## GIVEN INFORMATION

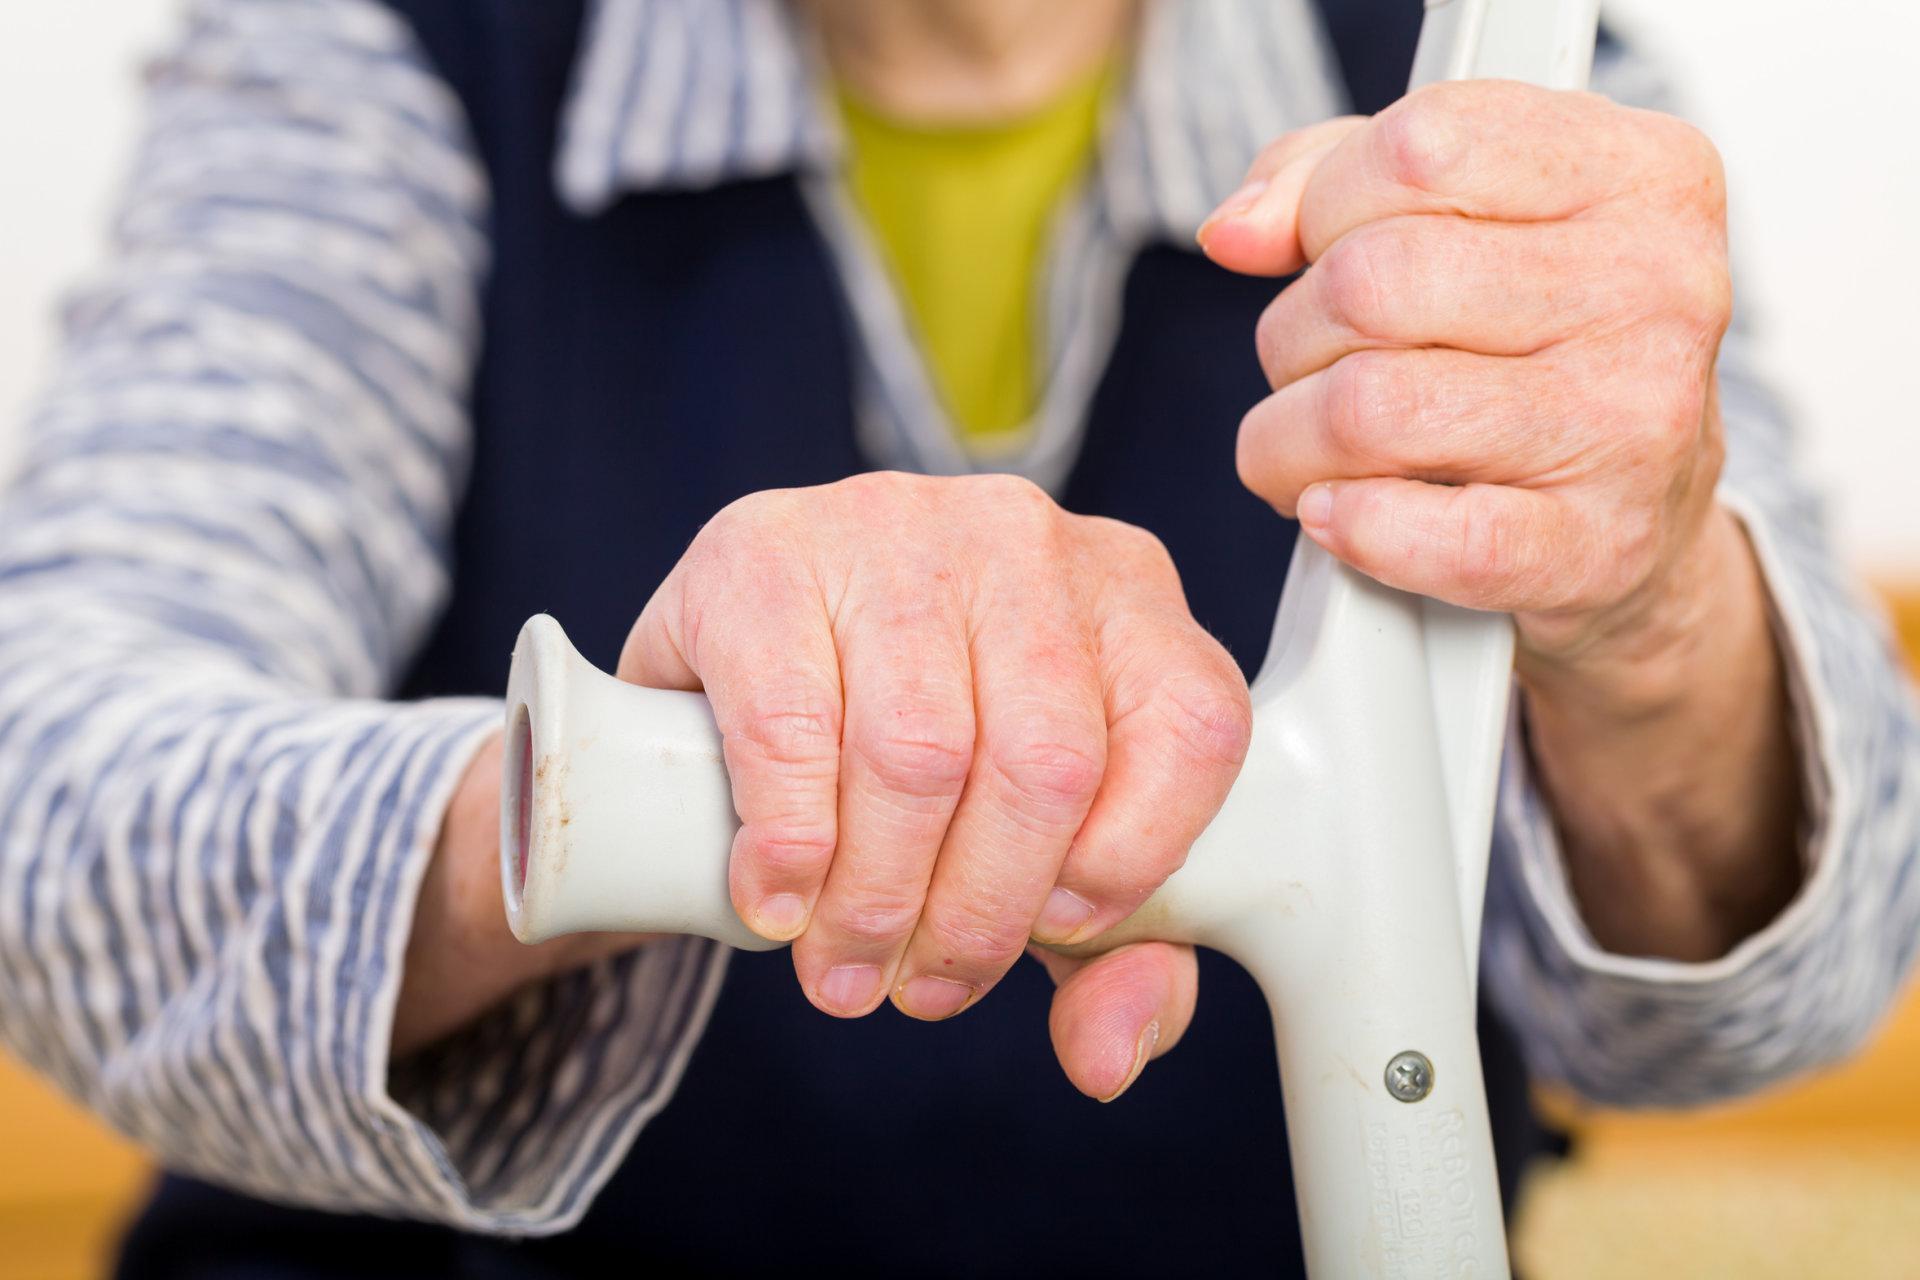 liga nuo gonartrosis rankų sąnarių skausmas peties sąnario negali pakelti savo ranką
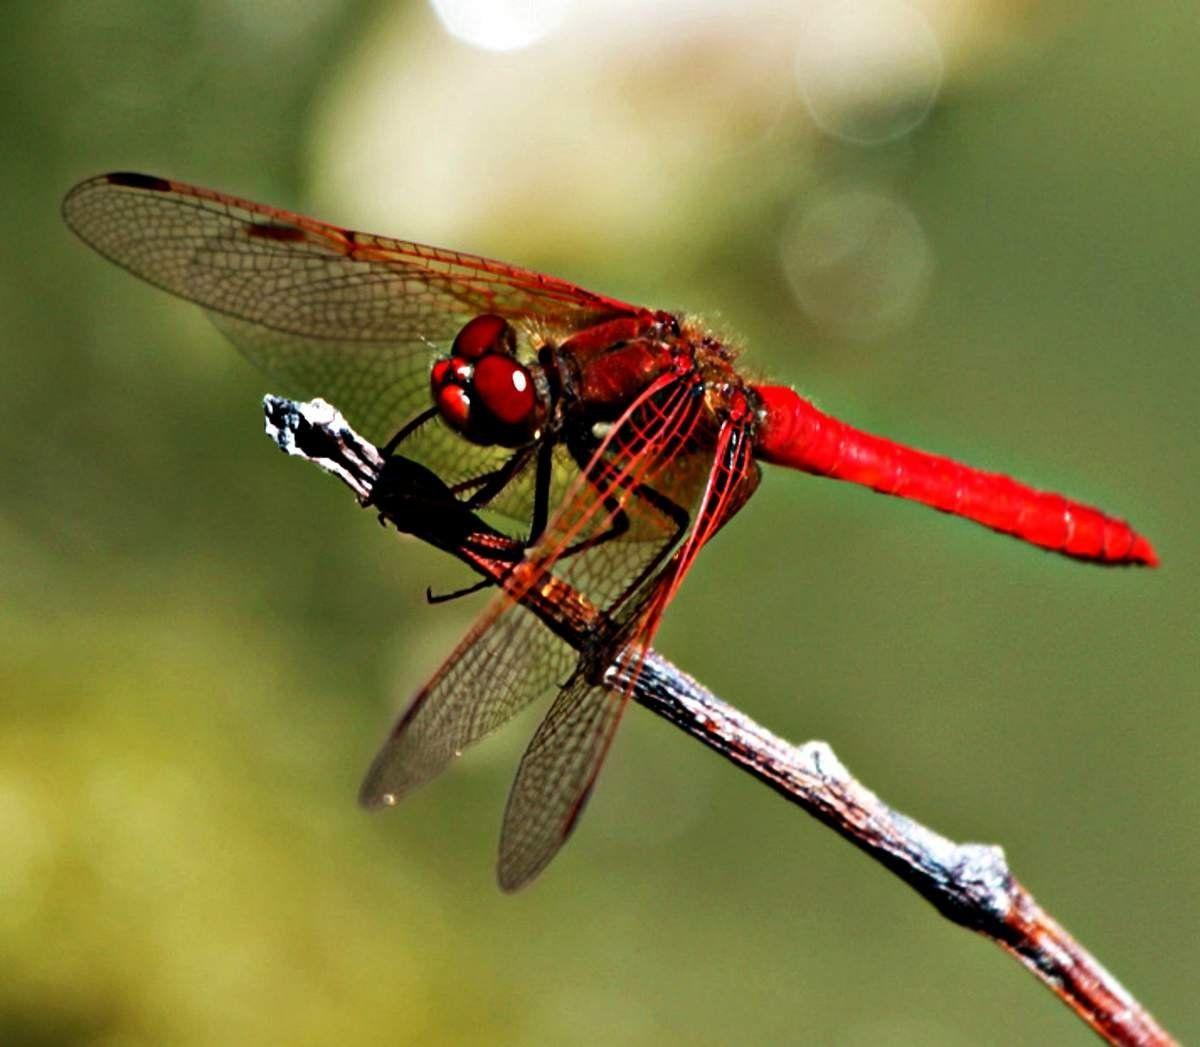 Уназемных насекомых сначала эволюции присутствовало обоняние
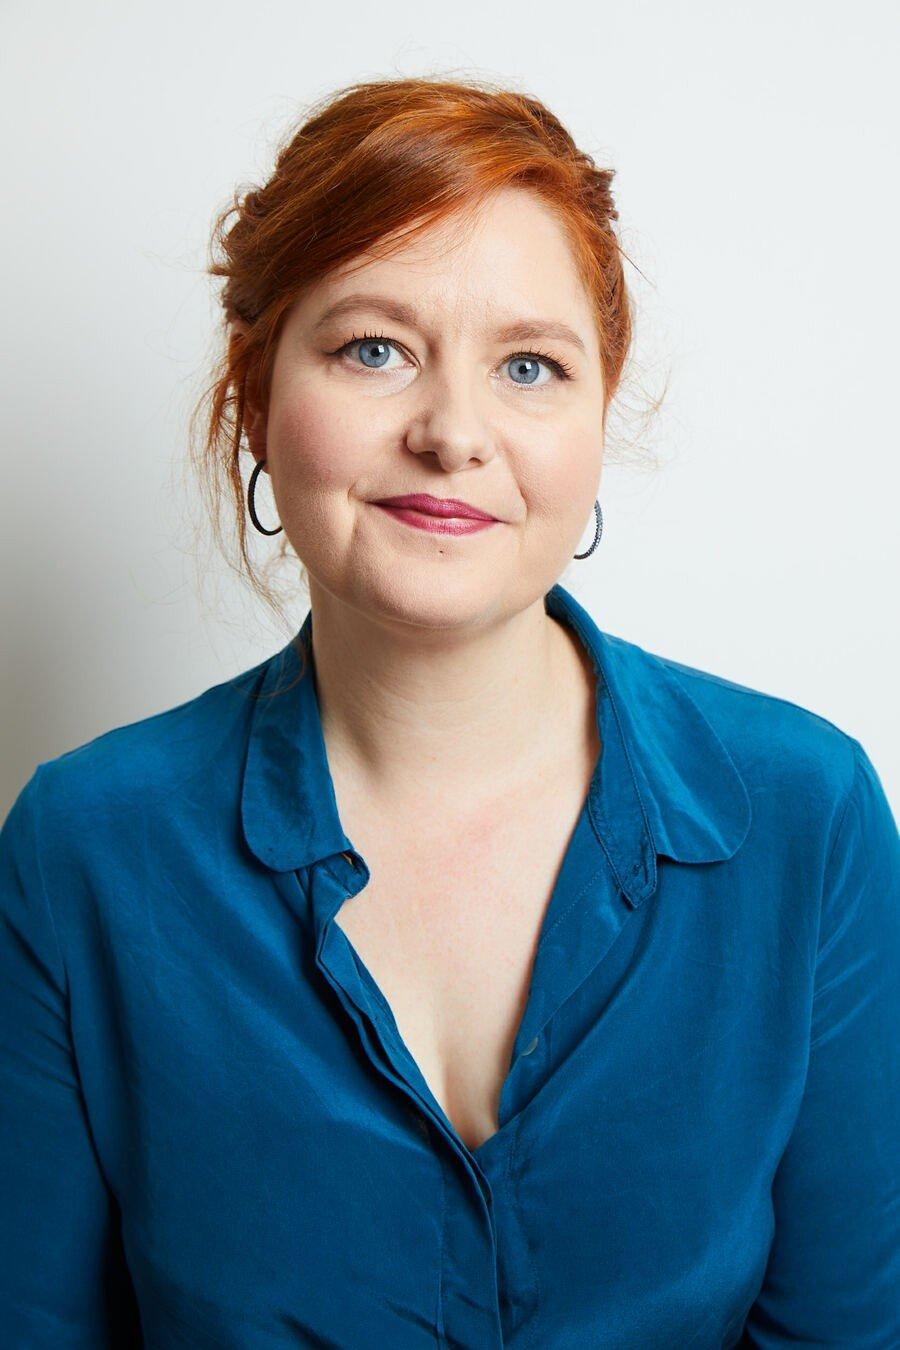 Siobhan Reddy, Media Molecule studio director

## ACTION ITEM
Each line from the one that contains "Уназемных насекомых сначала" to the end of the listing must be quoted exactly; no other line and no picture belongs in the copy.

## FINAL ANSWER
 Уназемных насекомых сначала эволюции присутствовало обоняние
 Siobhan Reddy, Media Molecule studio director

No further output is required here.